Here is a famous story in Chinese history.

"That was about 2300 years ago. General Tian Ji was a high official in the country Qi. He likes to play horse racing with the king and others."

"Both of Tian and the king have three horses in different classes, namely, regular, plus, and super. The rule is to have three rounds in a match; each of the horses must be used in one round. The winner of a single round takes two hundred silver dollars from the loser."

"Being the most powerful man in the country, the king has so nice horses that in each class his horse is better than Tian's. As a result, each time the king takes six hundred silver dollars from Tian."

"Tian Ji was not happy about that, until he met Sun Bin, one of the most famous generals in Chinese history. Using a little trick due to Sun, Tian Ji brought home two hundred silver dollars and such a grace in the next match."

"It was a rather simple trick. Using his regular class horse race against the super class from the king, they will certainly lose that round. But then his plus beat the king's regular, and his super beat the king's plus. What a simple trick. And how do you think of Tian Ji, the high ranked official in China?"

Were Tian Ji lives in nowadays, he will certainly laugh at himself. Even more, were he sitting in the ACM contest right now, he may discover that the horse racing problem can be simply viewed as finding the maximum matching in a bipartite graph. Draw Tian's horses on one side, and the king's horses on the other. Whenever one of Tian's horses can beat one from the king, we draw an edge between them, meaning we wish to establish this pair. Then, the problem of winning as many rounds as possible is just to find the maximum matching in this graph. If there are ties, the problem becomes more complicated, he needs to assign weights 0, 1, or -1 to all the possible edges, and find a maximum weighted perfect matching...

However, the horse racing problem is a very special case of bipartite matching. The graph is decided by the speed of the horses --- a vertex of higher speed always beat a vertex of lower speed. In this case, the weighted bipartite matching algorithm is a too advanced tool to deal with the problem.

In this problem, you are asked to write a program to solve this special case of matching problem.

Input

The input consists of up to 50 test cases.
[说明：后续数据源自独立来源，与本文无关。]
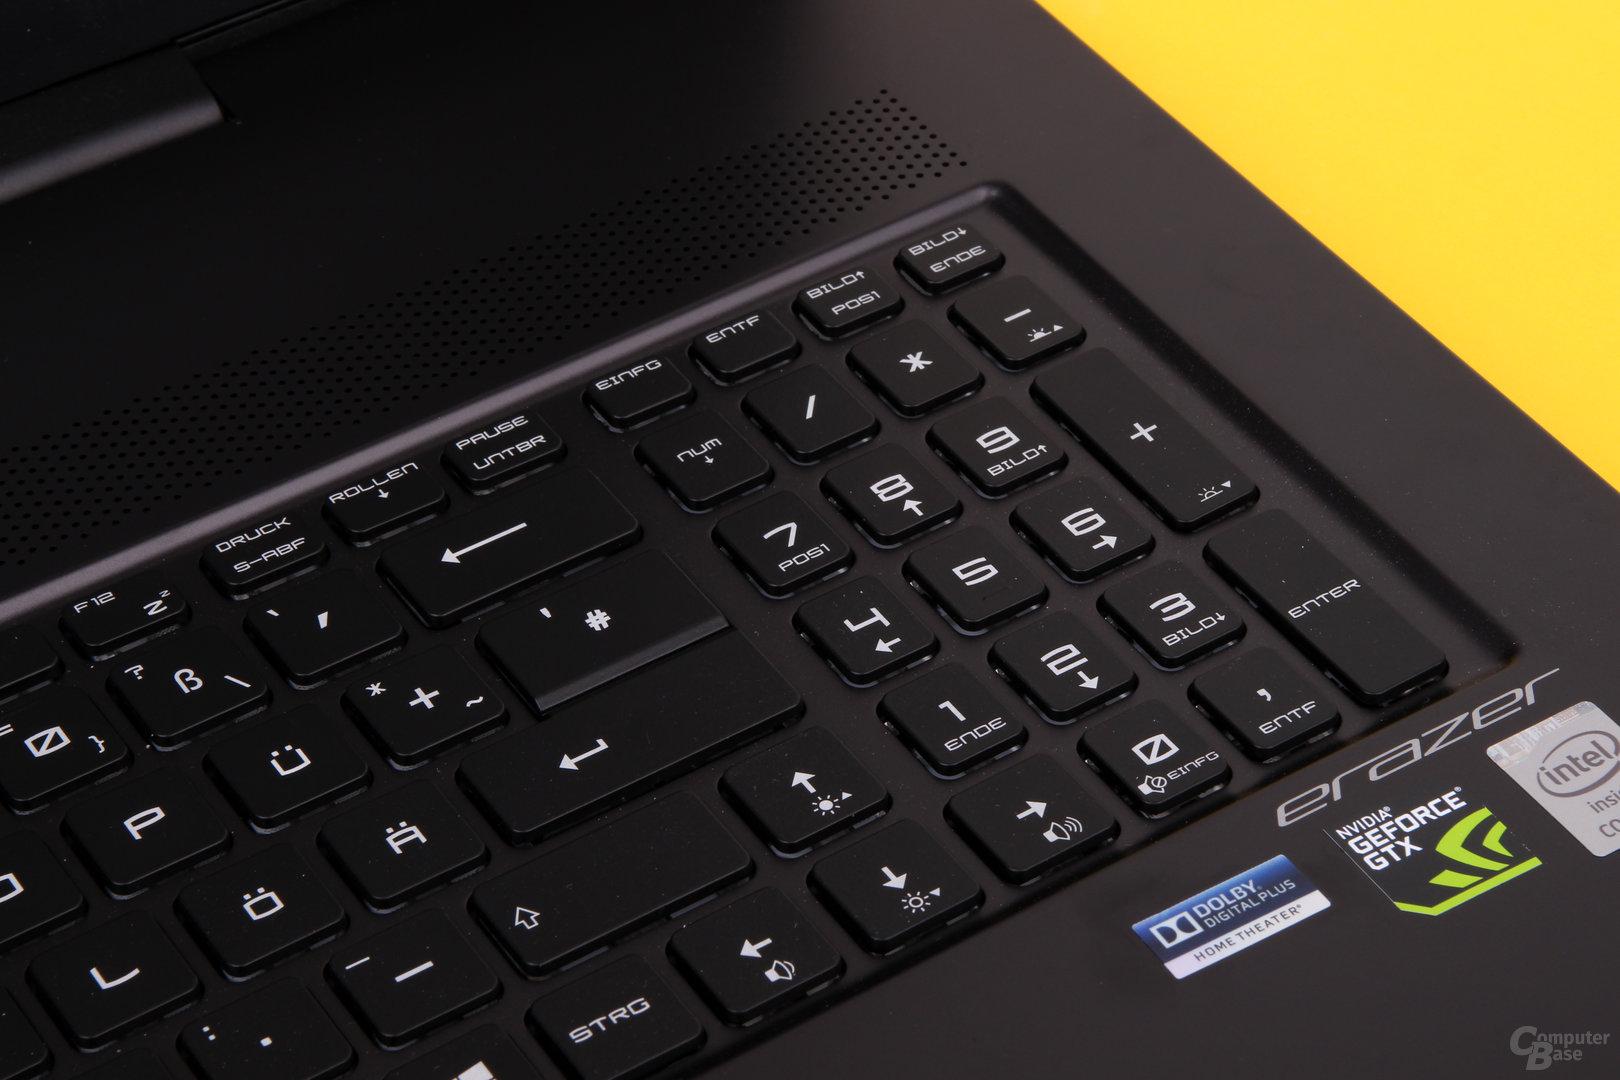 Tastatur mit Ziffernblock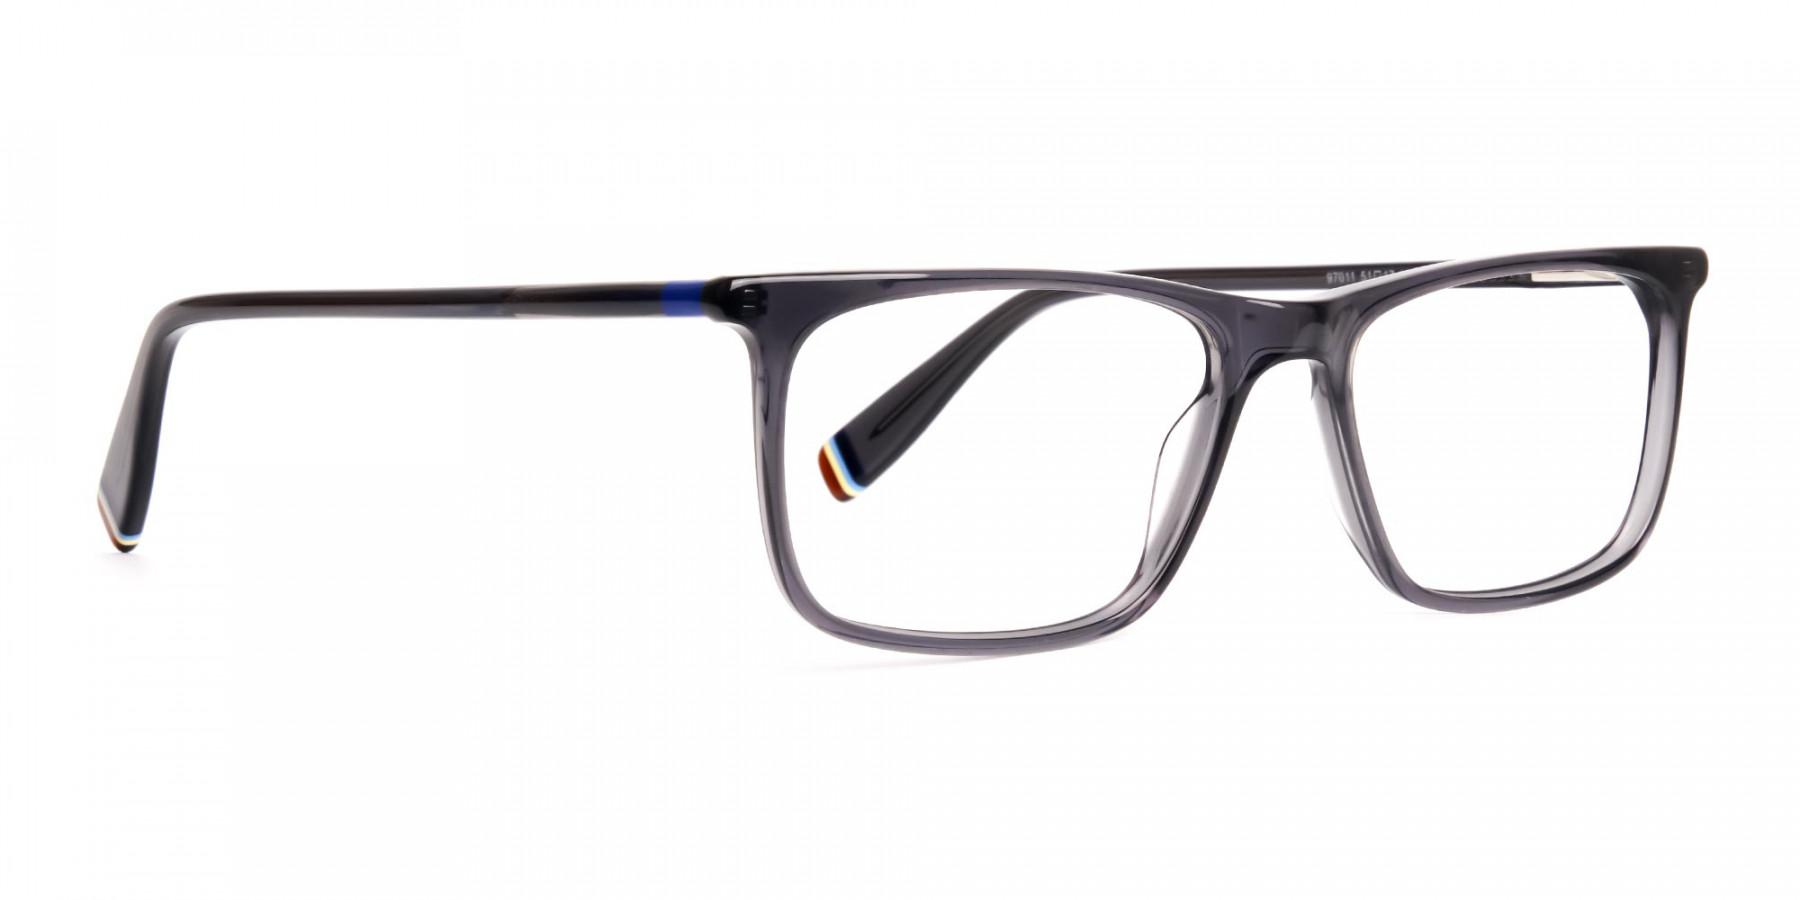 Crystal-Grey-Glasses-Rectangular-Shape-frames-1

Each case starts with a positive integer n (n <= 1000) on the first line, which is the number of horses on each side. The next n integers on the second line are the speeds of Tian’s horses. Then the next n integers on the third line are the speeds of the king’s horses. The input ends with a line that has a single 0 after the last test case.

Output

For each input case, output a line containing a single number, which is the maximum money Tian Ji will get, in silver dollars.

Sample Input

3

92 83 71

95 87 74

2

20 20

20 20

2

20 19

22 18

0

Sample Output

200

0

0

Source

2004 Asia Regional Shanghai

（二）Please speak Chinese:

田忌赛马问题：

田忌和齐王赛马,两人各出 n 匹马,赢一场比赛得 200 两银子,输了赔 200 银子,平局不赔不赚. 已知两人每匹马的速度,问田忌最多能赢多少银子. 多组测试数据, 每组数据的第一行是一个整数 n。 (1<=n<=1000) 第二行包括 n 个整数既田忌每匹马的速度. 第三行包括 n 个整数既齐王每匹马的速度. 每匹马的速度不超过 1000. 对于每组数据输出一行有一个整数代表田忌最多能赢多少银子？

（三）手写草稿+理解思路+核心算法

第一款代码：

#include<bits/stdc++.h>

using namespace std;
int cmp(int a,int b){
    return a>b;
}//sort排序
int a[10000],b[10000];
int main(){
    int n,fa,fb,la,lb,cnt;
    while(cin>>n&&n!=0){
        for(int i=1;i<=n;i++){
            cin>>a[i];
        }//读入田忌的马
        for(int i=1;i<=n;i++){
            cin>>b[i];
        }//读入齐王的马
        sort(a+1,a+n+1,cmp);
        sort(b+1,b+n+1,cmp);
        fa=1;
        la=n;
        fb=1;
        lb=n;//赋值最快最慢的马
        cnt=0;
    for(int i=1;i<=n;i++){
    if(a[fa]>b[fb]){
        cnt++;
        fa++;
        fb++;//(在数组里通过移动此变量的位置来实现当前最快最慢的马的赋值)
    }else if(a[la]>b[lb]){
        cnt++;
        la--;
        lb--;
    }else{
        if(a[la]<b[fb]){
            cnt--;
            la--;
            fb++;
        }
    }
}
cout<<cnt*200<<endl;
}
    return 0;
}

第二款代码：

这个代码写出来后，发现有一个小bug，输出结果第三种是错误的，应该为平局，实际却是200，感兴趣的伙伴可以找一下问题所在。

#include <stdio.h>
#include <stdlib.h>
#include <string.h>
#define MAX_N 1000
int tian[MAX_N]; // 田忌的马的速度
int qi[MAX_N]; // 齐王的马的速度
int cmp(const void *a, const void *b) {
    return *(int *)a - *(int *)b;
}
int main() {
    int n;
    while (scanf("%d", &n) != EOF) {
        int i;
        for (i = 0; i < n; i++) {
            scanf("%d", &tian[i]);
        }
        for (i = 0; i < n; i++) {
            scanf("%d", &qi[i]);
        }
        qsort(tian, n, sizeof(int), cmp);
        qsort(qi, n, sizeof(int), cmp);
        int tian_head = 0, tian_tail = n - 1, qi_head = 0, qi_tail = n - 1;
        int ans = 0;
        while (tian_head <= tian_tail) {
            if (tian[tian_head] > qi[qi_head]) {
                ans += 200;
                tian_head++;
                qi_head++;
            } else if (tian[tian_tail] > qi[qi_tail]) {
                ans += 200;
                tian_tail--;
                qi_tail--;
            } else {
                if (tian[tian_tail] > qi[qi_head]) {
                    ans += 200;
                }
                tian_tail--;
                qi_head++;
            }
        }
        printf("%d\n", ans);
    }
    return 0;
}